Yahaya Médard

Personal information
- Date of birth: 14 January 2000 (age 26)
- Place of birth: Le Blanc-Mesnil, France
- Height: 1.88 m (6 ft 2 in)
- Position: Centre-back

Team information
- Current team: Blois Football 41
- Number: 21

Youth career
- 2009–2016: Blanc-Mesnil
- 2016–2017: Paris FC
- 2018–2021: Le Mans

Senior career*
- Years: Team / Apps / (Gls)
- 2017–2020: Angers II / 6 / (0)
- 2020–2022: FC 93 / 15 / (0)
- 2022–2023: Vierzon / 21 / (0)
- 2023–2024: Aubervilliers / 12 / (0)
- 2024–2025: ASVH / 23 / (0)
- 2025–: Blois Football 41 / 2 / (0)

International career^{‡}
- 2018: France U18 / 3 / (0)
- 2023–: Comoros / 3 / (0)

= Yahaya Médard =

Comorian footballer

Yahaya Médard (born 14 January 2000) is a professional footballer who plays as a centre-back for the Championnat National 1 club Blois Football 41. Born in France, he plays for the Comoros national team.

==Club career==
Médard is a product of the youth academies of the French clubs Blanc-Mesnil and Paris FC, before moving to Angers in 2017 where he made his debut with their reserves.
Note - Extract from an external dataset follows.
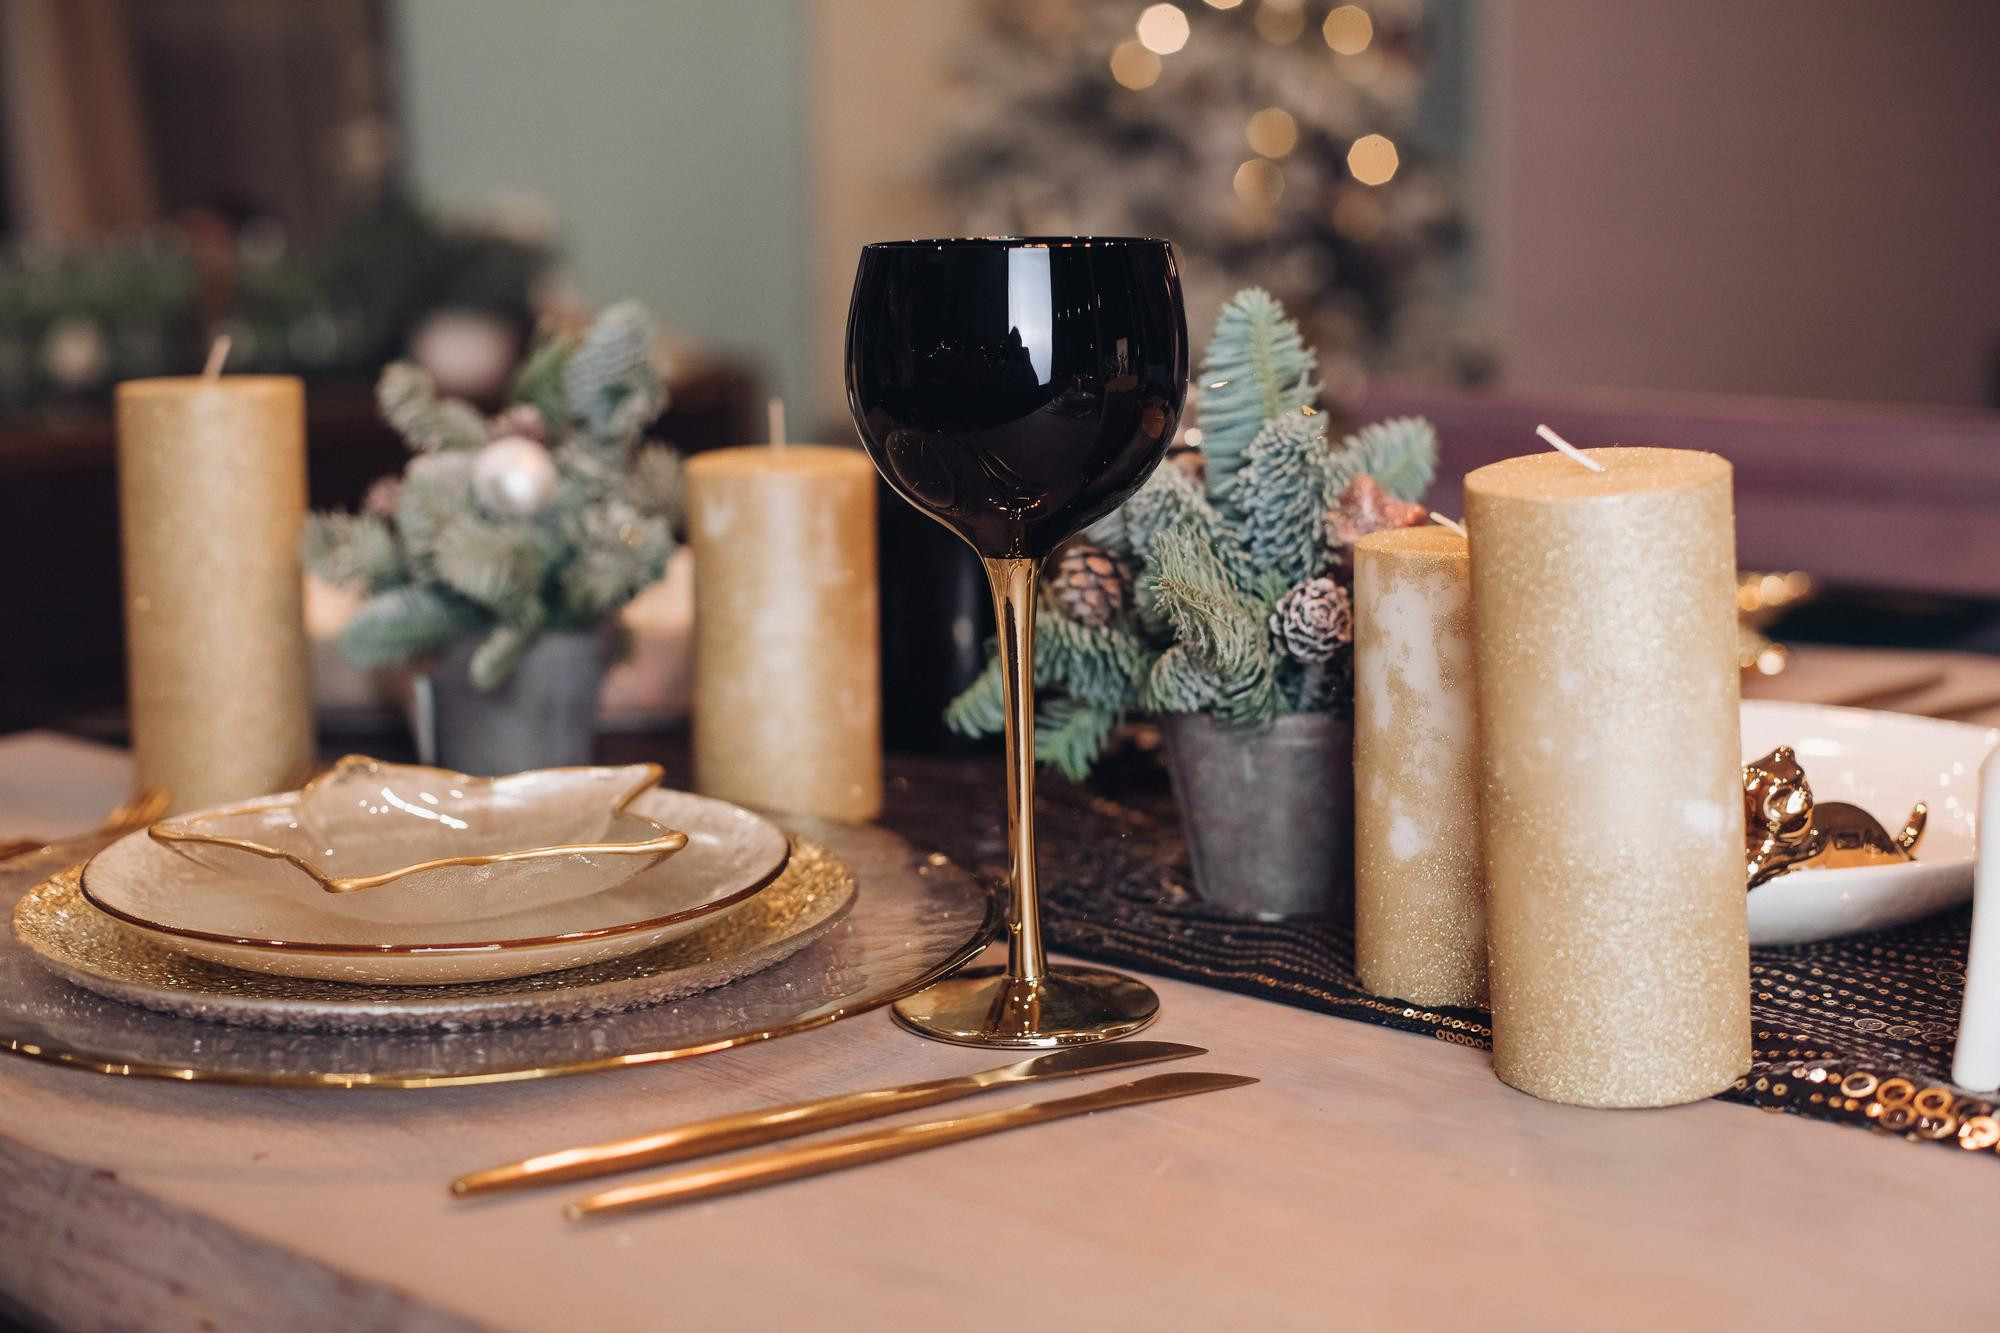 Servilletas elegantes y bonitas perfectas para la mesa de Navidad

In 2020, he moved to FC 93 where he started playing senior football. For the 2022–23 season he moved to Vierzon, where they went to the round of 16 in the Coupe de France. In the summer of 2023, he moved to Aubervilliers, followed by a move with ASVH the following season. On 24 June 2025, he joined Blois Football 41.

==International career==
Born in France, Médard is of Comorian descent and holds dual French-Comorian citizenship. He was first called up to the Comoros national team for a set of 2026 FIFA World Cup qualification matches in November 2023.